Use the following options to scan your repositories. Perform a scan after building the projects.

Option 1 - Quick scan

Perform a quick scan to get quick visibility into your software composition. This scan won’t perform reachability analysis to help you prioritize vulnerabilities. You must restore your .NET projects before running a quick scan. Also verify that packages exist in the local package caches and build artifacts exist in the standard locations.
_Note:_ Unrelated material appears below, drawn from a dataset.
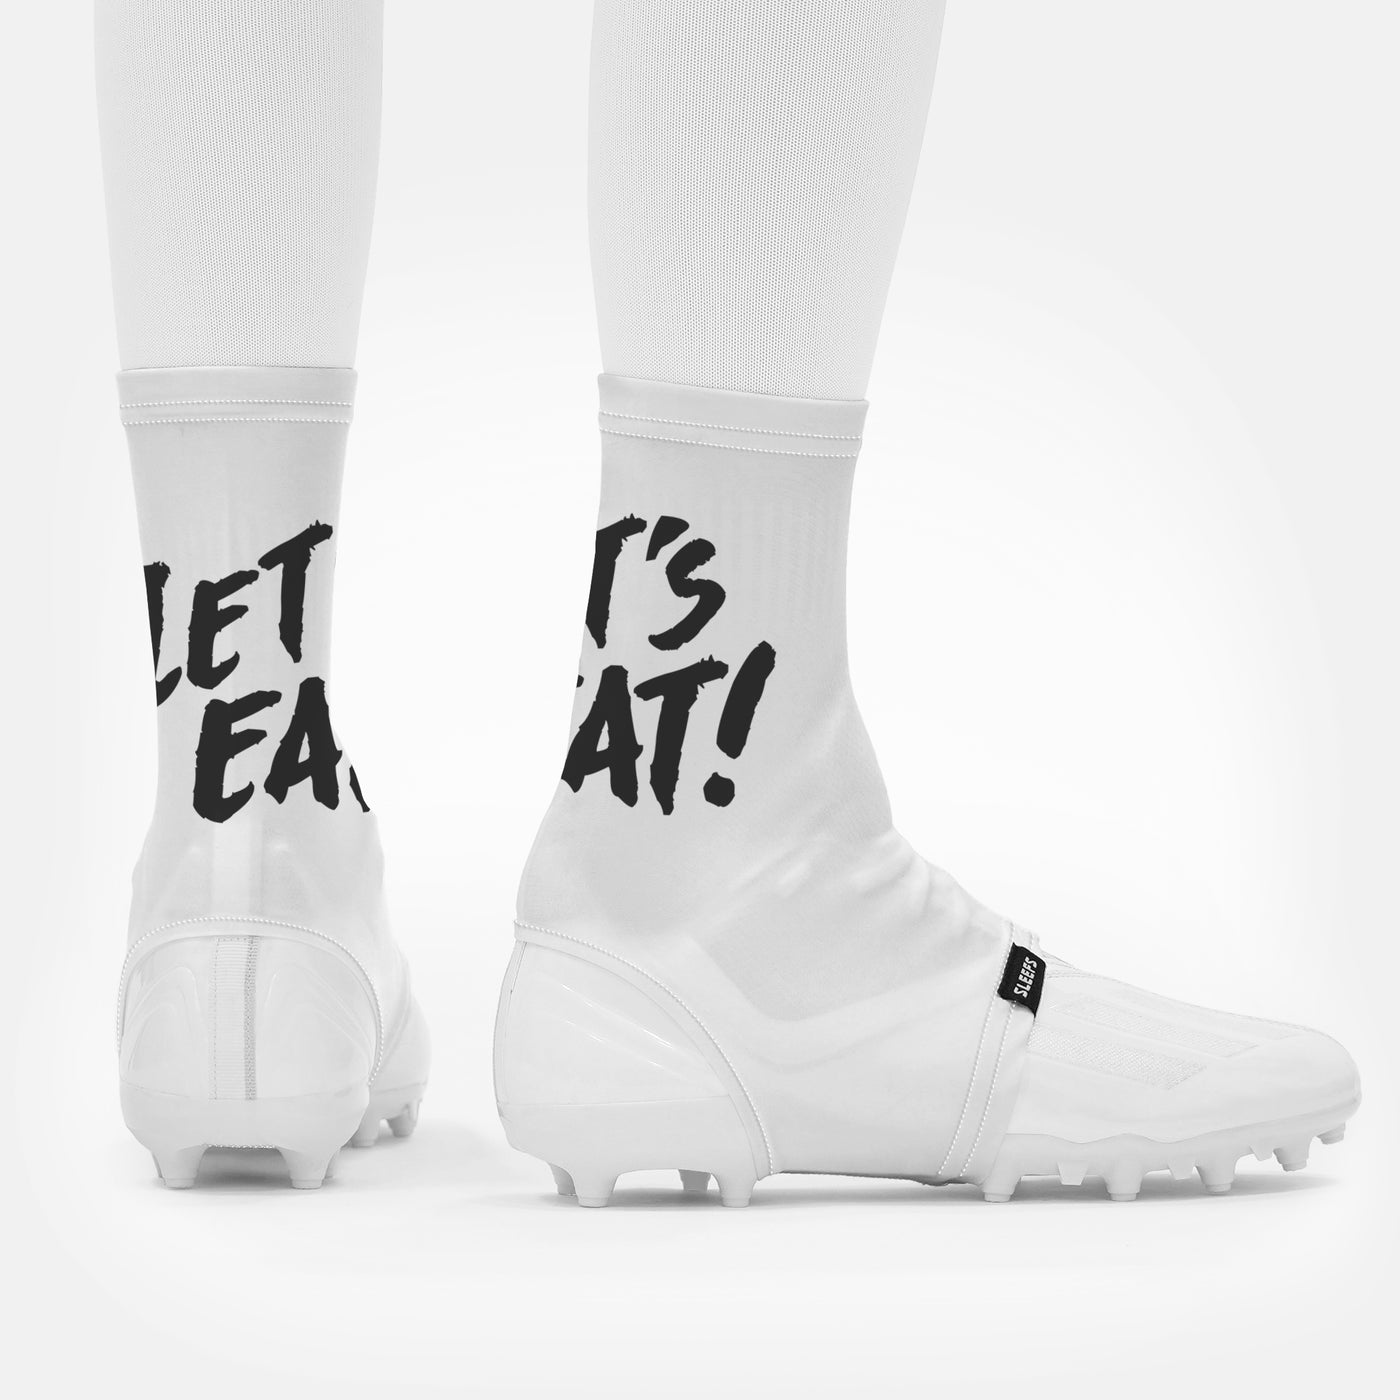 Let's Eat White Spats / Cleat Covers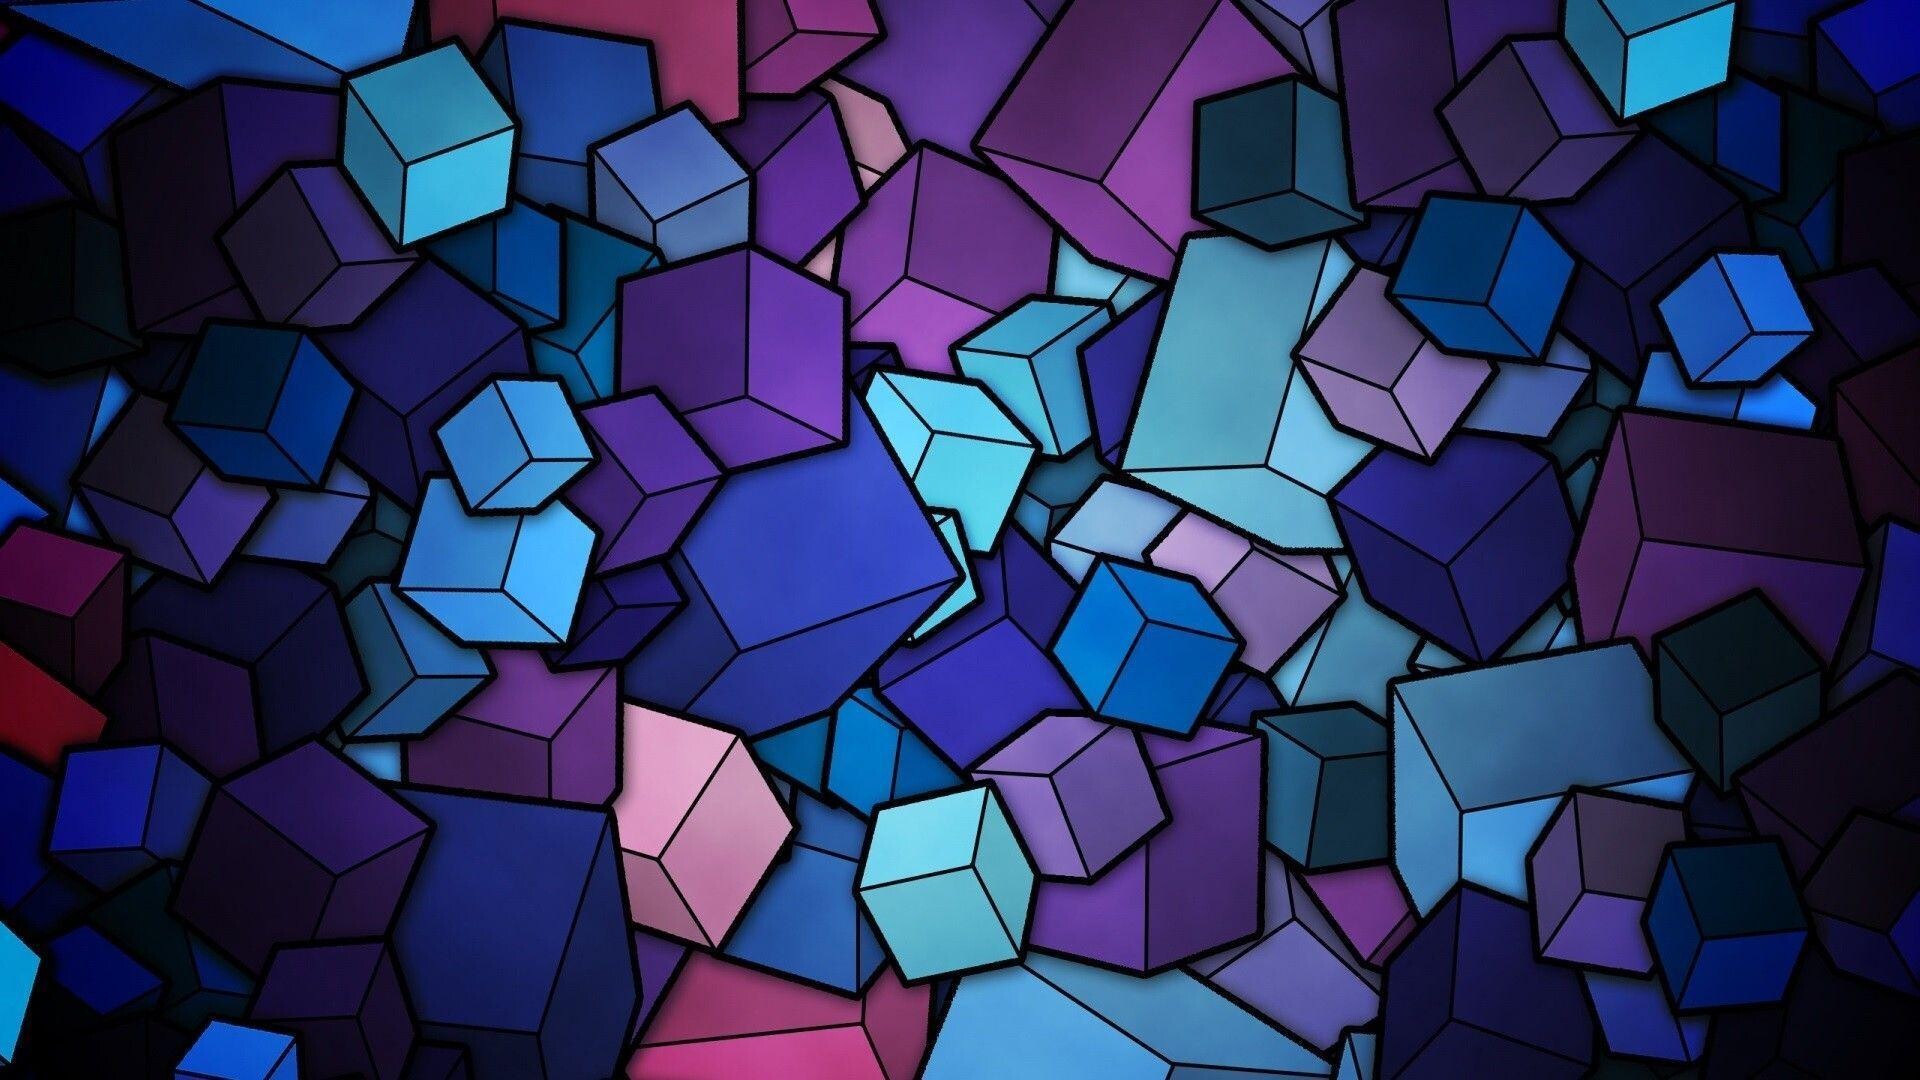 Geometric Abstract: Digital art, Cubes, Parallel lines, Right angles, Squares. 1920x1080 Full HD Wallpaper.

  1. Run the following commands to resolve dependencies and create the necessary files to scan your .NET project. To generate the build artifact project.assets.json and resolve dependencies, run: 
    dotnet restore
    If you use NuGet instead run: 
    nuget restore
    To create a packages.lock.json file if your project uses a lock file run: 
    dotnet restore --use-lock-file
    If project.assets.json or packages.lock.json are not present and if the project is buildable, endorctl will restore the project and create a project.assets.json or a packages.lock.json file to resolve dependencies.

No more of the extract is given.